The Smart Watch Communication Module (2000) is used to increase and ease the field operations of the field personnel (6) and biotekcbs (1). The smary watch is integrated to the mobile software (500) thanks to both its portable size and touch and audio control features. The field personnel (6) may manage the duties, complaints, message, live connection request etc. communications arriving from the system with said smart watch module (2000). The field personnel (6) may make audio controls, habitat and vector selections.

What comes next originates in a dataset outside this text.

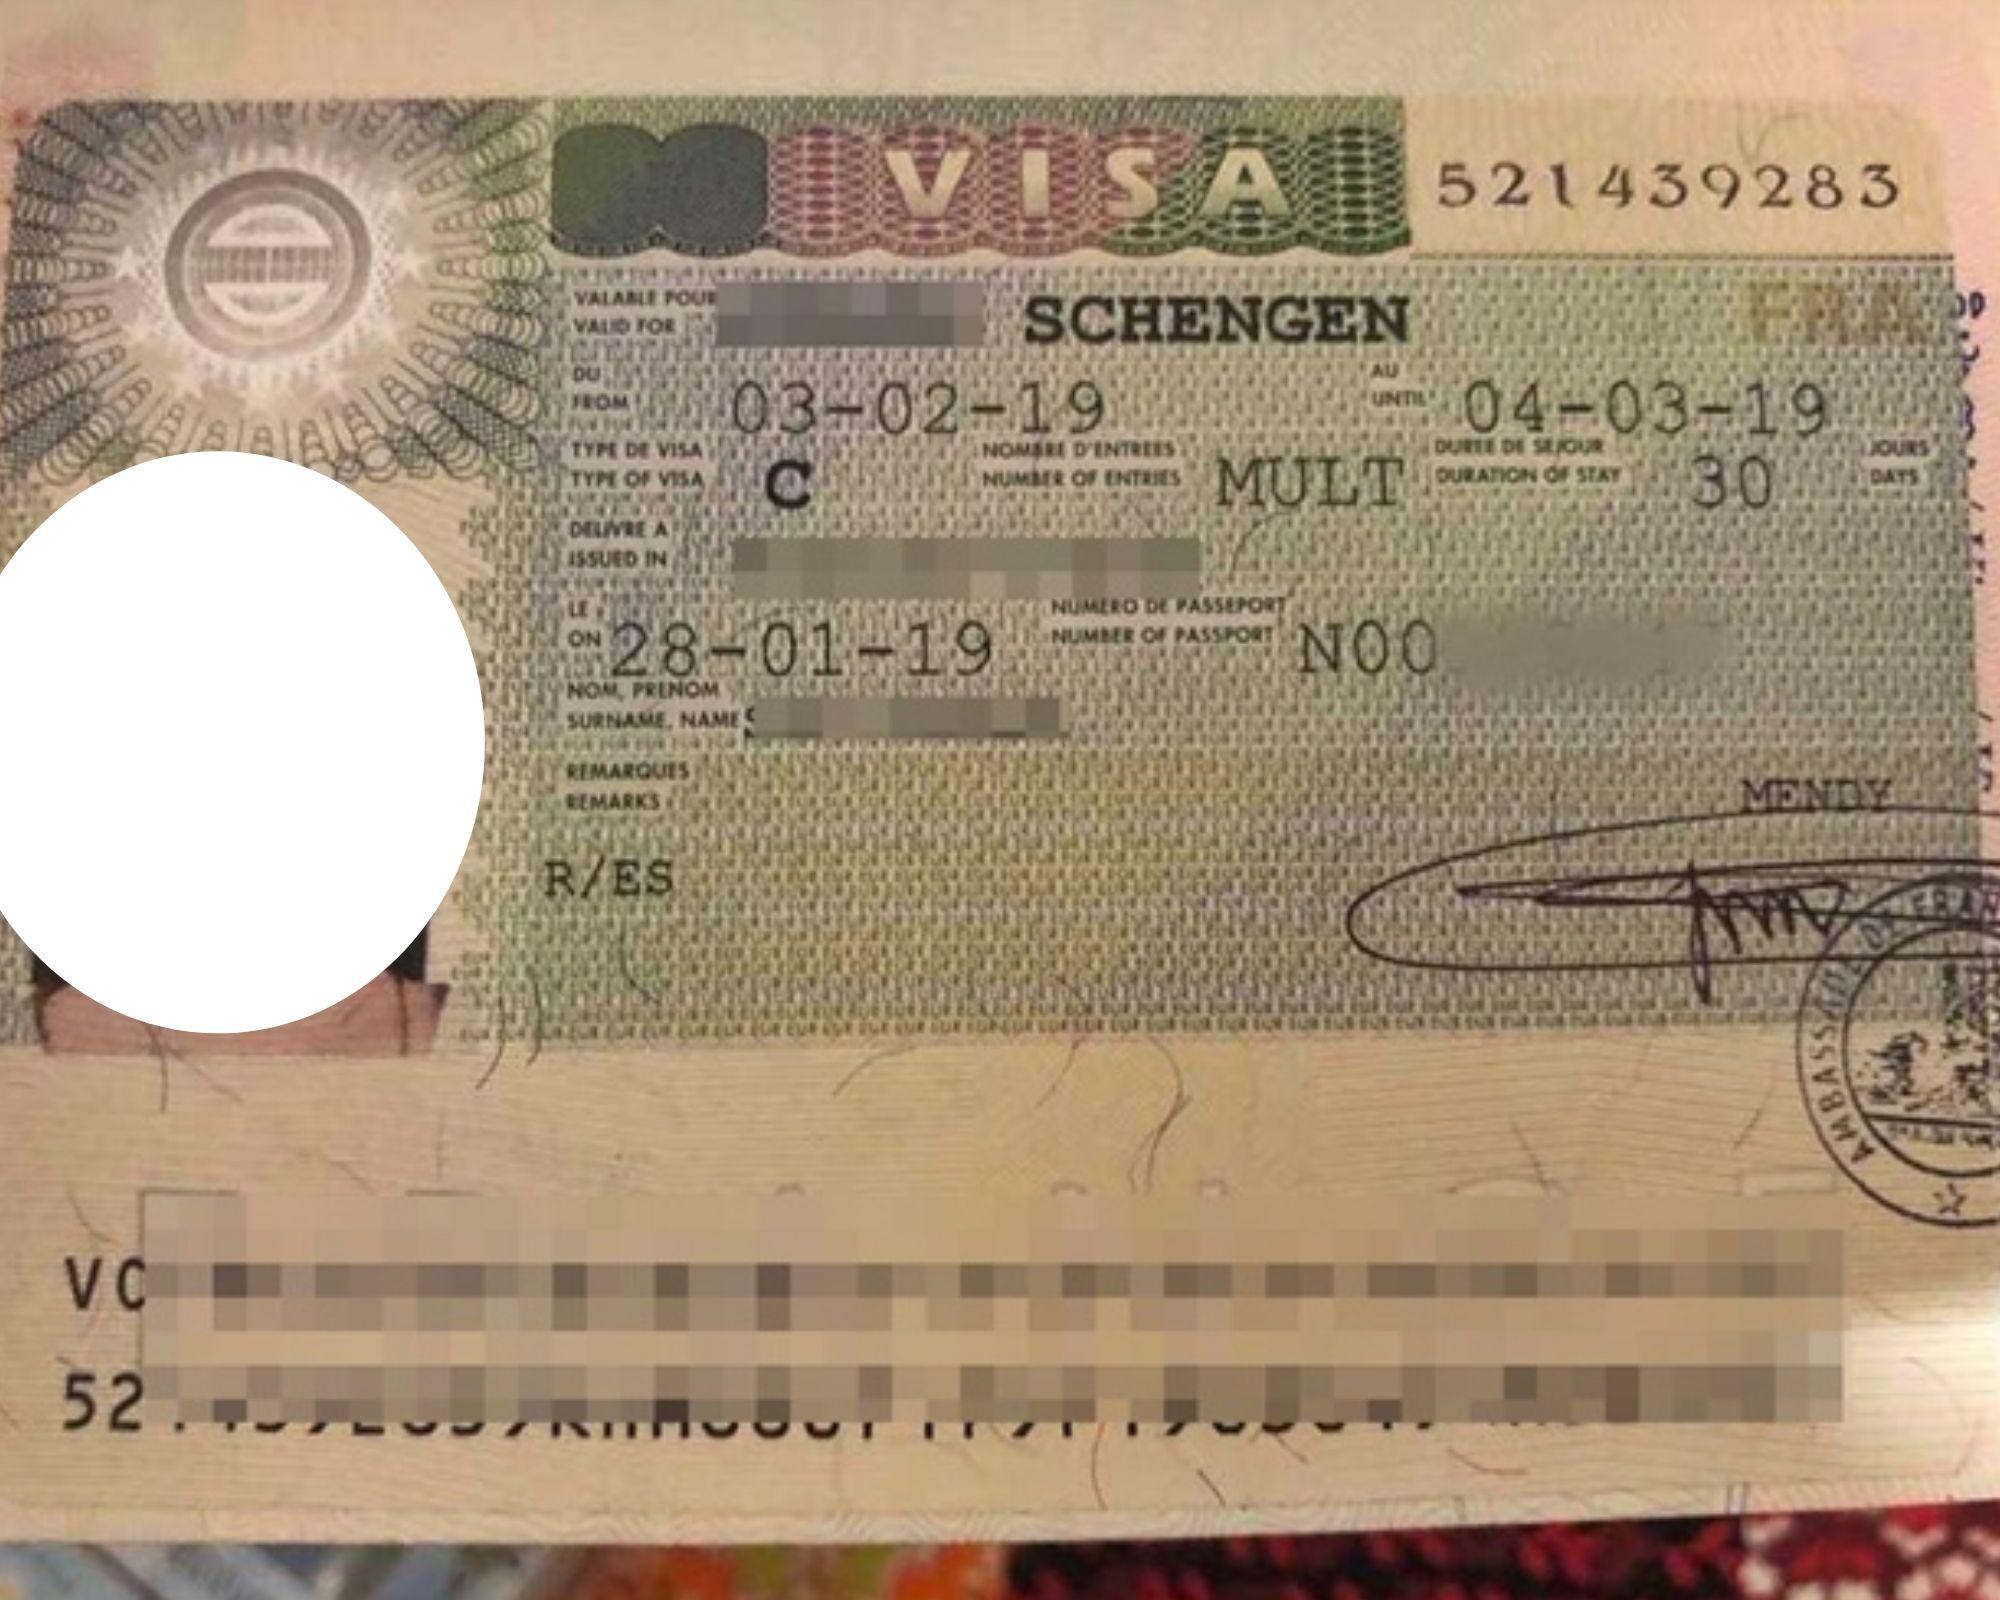 Dịch vụ visa thăm thân Luxembourg trọn gói, uy tín

Desktop Application Module (2200) is module which reaches the system (1) and functions offline. The user may access to the system data (1) without internet connection thanks to the desktop application (2200) and may receive reports, use artificial intelligence and artificial neural web modules in the same manner. The application performs synchronizations with the server through certain intervals and receives the data into the local database. It may respond to any module, save instantaneous communication modules, in the web application when no internet connection exists. Multi-live Connection and Video Conference Module (2300) may make sessions with 1-6 users simultaneously and may provide uninterrupted video display even in weak network webs. The module (2300) ensures the administrator to log in upon the request of the field personnel (6) for necessary situations (when the field personnel may not find an appropriate solution) and invite such session other users deemed favourable as to maintain an online opinion exchange. The administrator may manage the teams through a single session when the teams are required to perform collective duties on the field and may make audio communication with any of the participating client units.